2.3 Multi-objective optimization strategy for stratified OLEDs

To balance the efficiency and the chromaticity of stratified OLED devices, a collaborative optimization strategy is proposed here to simultaneously improve the current efficiency and the CIE coordinates. The optimal problem can be firstly re-formulated as

$$\begin{array}{l} {{\textbf d}^\ast } = \arg \mathop {\max }\limits_{{\textbf d} \in \Omega } {\eta _{\textrm{CE}}}({\textbf d} ){\kern 1pt} \\ \;\;\;\;{\kern 1pt} {\kern 1pt} {\kern 1pt} {\kern 1pt} {\kern 1pt} {\kern 1pt} {\kern 1pt} s.t.\;\;{X_i}\textrm{(}{\textbf d}\textrm{)} \in {\Delta _i}. \end{array}$$
Herein, d* is the optimal thickness corresponding to high-performance OLED devices. Ω and Δi respectively denote the acceptable domain for layer thickness and CIE Xi coordinate. The Lagrange multiplier method and penalty function method are usually applied to deal with this optimal problem with inequality constraints [51]. The kernel of the mentioned methods is to turn the constrained optimization problem into an unconstrained optimization problem, however, it is often difficult to determine the multipliers in the Lagrange method and the weighting factors in the penalty function. To avoid this limitation, a single-valued function f(d) is proposed here to remove constraints to be an unconstrained form as
$${{\textbf d}^{\ast }} = \arg \mathop {\max }\limits_{{\textbf d} \in \Omega } f({\textbf d}){\kern 1pt} ,$$
where the evaluation function f(d) describes the overall performance, including the current efficiency and the CIE, of the OLED devices at the design stage. Naturally, the evaluation function f(d) can be defined as a product of two functions which correspond to the current efficiency and the CIE coordinates respectively. The formulation can be written as [52]
$$f\textrm{(}{\textbf d}\textrm{)} = {f_\textrm{1}}\textrm{(}{\textbf d}\textrm{)} \cdot {f_\textrm{2}}\textrm{(}{\textbf d}\textrm{),}$$
where the functions f1(d) and f2(d) are defined as
$${f_\textrm{1}}\textrm{(}{\textbf d}\textrm{)} = \frac{{{\eta _{\textrm{CE}}}\textrm{(}{\textbf d}\textrm{)}}}{{{\eta _{\textrm{CE}}}\textrm{(}{{\textbf d}_0}\textrm{)}}},$$
$${f_\textrm{2}}\textrm{(}{\textbf d}\textrm{)} = \mathop \prod \limits_{i = 1}^2 \exp \left( { - {\bigg \Vert}{\frac{{{X_i}\textrm{(}{\textbf d}\textrm{)} - {X_{i,0}}}}{{\delta {\Delta _i}}}} {\bigg \Vert}} \right).$$
Herein, the symbol ||·|| denotes the second norm, the symbol Π denotes the multiplication operator, and δΔi is the acceptable deviation domain for the i-th CIE coordinate. Function f1(d) obviously describes the ηCE enhancement ratios of the OLED structure with layer thickness d to the original OLED structure with layer thickness d0. While function f2(d) expresses the punishment factor caused by relative deviation of the desired CIE coordinates. Therefore, the constrained formulation in Eq. (15) to simultaneously improve both the current efficiency and the CIE is turned into an unconstrained optimization problem, which can be easily solved by the common iterative algorithm, such as Newton method and conjugate gradient method [51].

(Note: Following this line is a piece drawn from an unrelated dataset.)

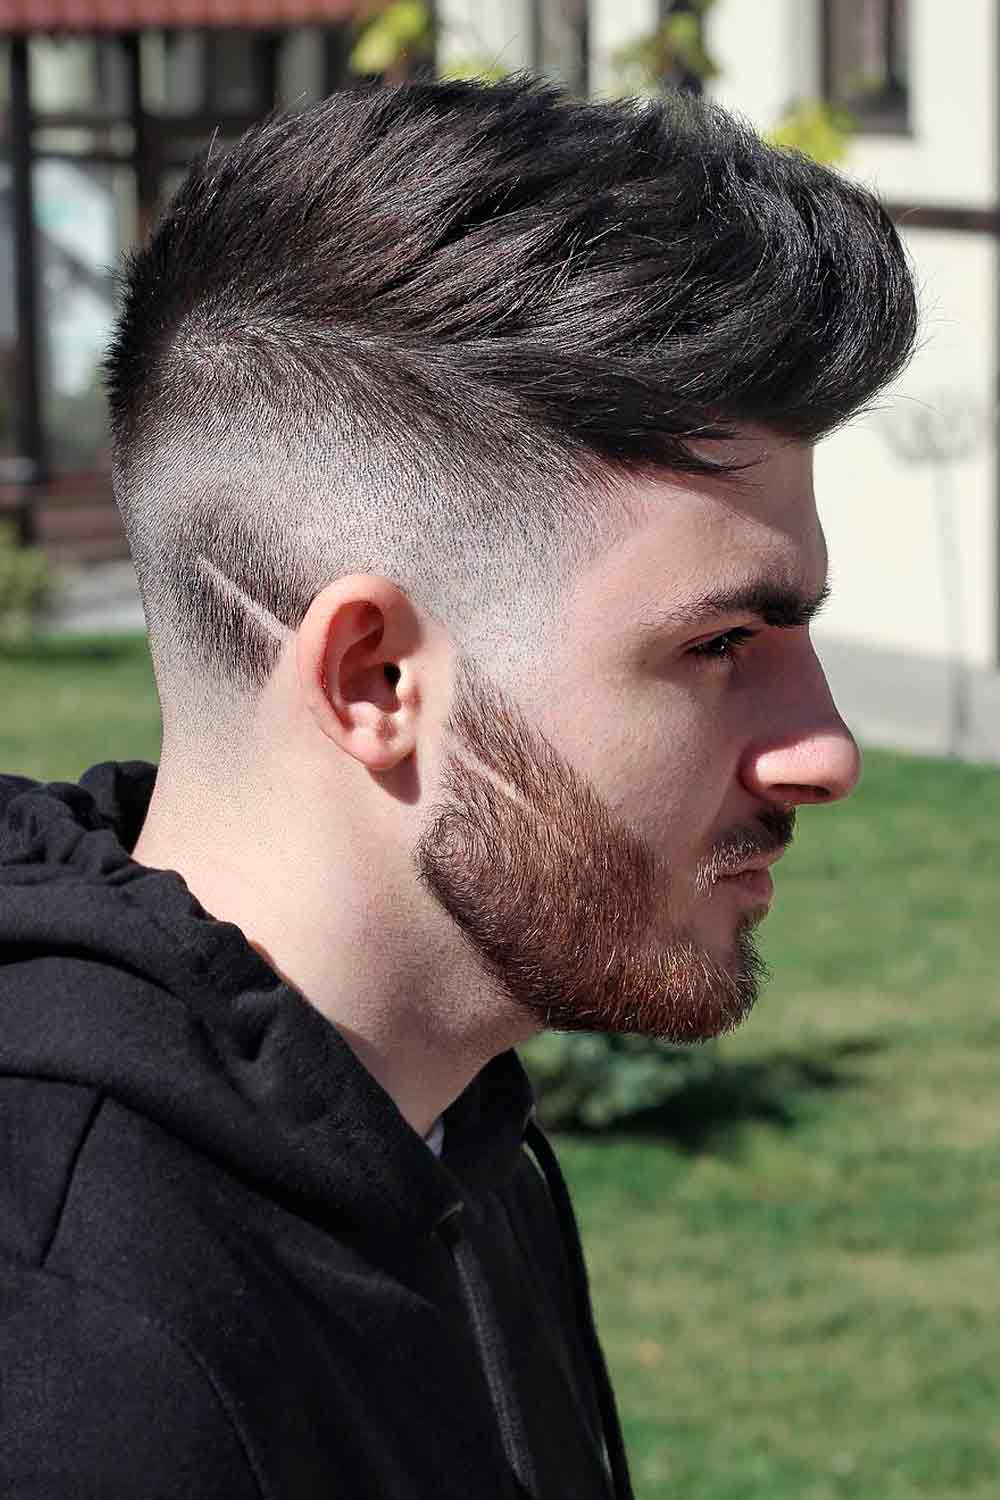 50 Best Short Haircuts, Hairstyles, Fades & Cuts For Men

In order to better illustrate the effect of the function f2(d), an example curve of f2 is given in Fig. 2. In this situation, the desired CIE coordinate X2 is assumed as X2,0 = 0.055, and its acceptable deviation scope is set as δΔ2 = 0.004 with the acceptable domain Δ2 = [0.053, 0.057]. The function is f2 = 0.6 at the boundary, namely X2 = 0.053 and X2 = 0.057, of the domain, and reach the peak f2 = 1 at X2 = X2,0 = 0.055. It can be easily observed that this function can well be applied to limit the CIE coordinate X2 within the acceptable domain Δ2.

 figure: Fig. 2.

Fig. 2. An example curve of the function f2 to constrain the CIE.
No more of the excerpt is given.